>>270394Next morning, Boots frozen, clothes frozen. Noooo. Slip last builder's bar with friend who was completely out of food. Now we're both completely out. Still snowing. Eleven miles to road over the highest point on the whole AT. Let's do this. Fourteen of us leave, I'm near the vanguard, cuting through the trail some. Snow has gotten so high and the tree branches are so weighed down that they hand at chest level and slap you with ice, like walking through a wall of hands. Five hundred feet from the summit, the storm broke and the clouds started to roll away. Glissaded up tower, hollered like a viking, snapped a photo, and got the fuck back down.
We finally got to the shelter those guys were headed to the day before. Footprints going in, none coming out. Two O'clock. Oh shit.

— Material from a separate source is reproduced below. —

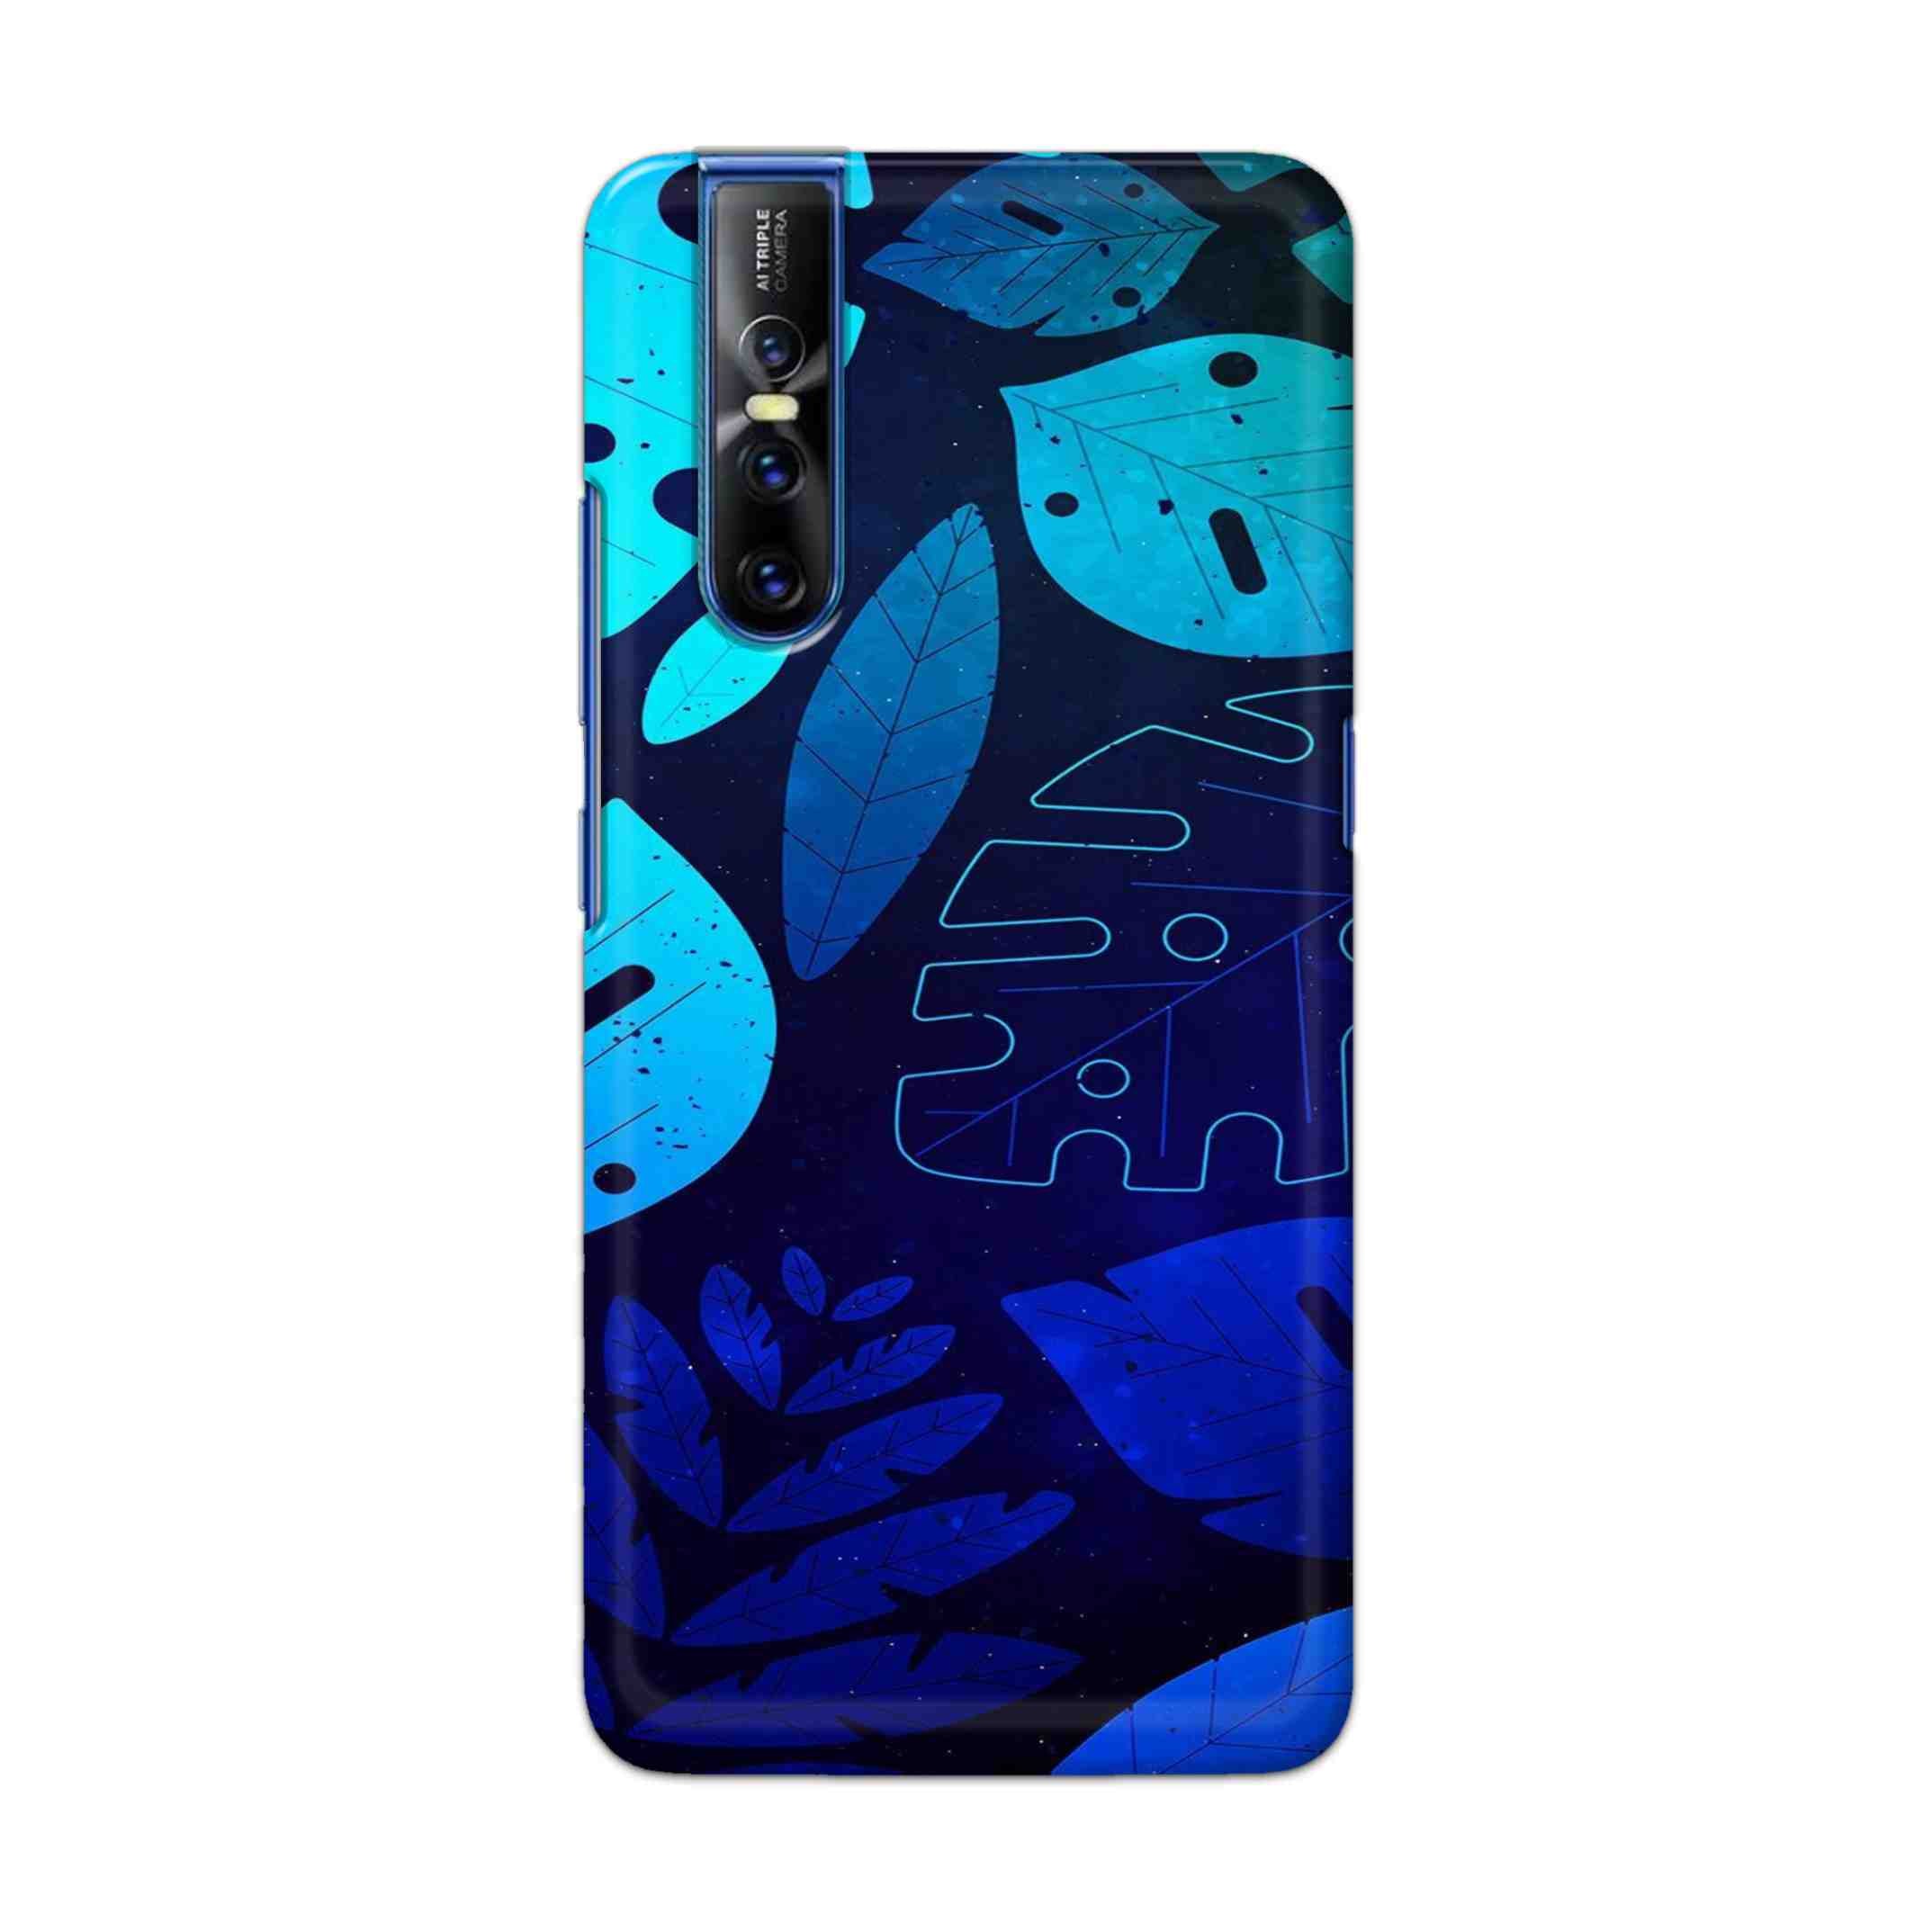 Buy Neon Leaf Hard Back Mobile Phone Case Cover For Vivo V15 Pro Online

Turns out they were alive, though one of them had gotten pretty hypodermic. They joined our ranks, and around five we got to the road. They had just finished plowing. Nearly twenty thru-hikers cast their burdens down and basked like lizards on the pavement. Then the tourists showed up to 'see the snow'. They started throwing snowballs at each other. (So help me god if one of those hits me!!!) A Prius full of rangers showed up. They get out and their eyes slid right over us. Eventually I wrangled a ride from a lady dropping off her husband and son for a back packing trip. I thanked her profusely, but cautioned the other two that it was pretty rough out there at the moment. They didn't want to waste the thirty dollars they paid. I washed my hands of it and went into Gattlinburg for a zero during spring break.
Went back up the day after, and it was super icy, though I zipped through it with my spikes, but then snowed another eight inches that night. Nope. Busted 25 miles in snow and slush to get the fuck out of the park. That night I slept at Fresh Ground's and he cooked a bunch of us Easter breakfast.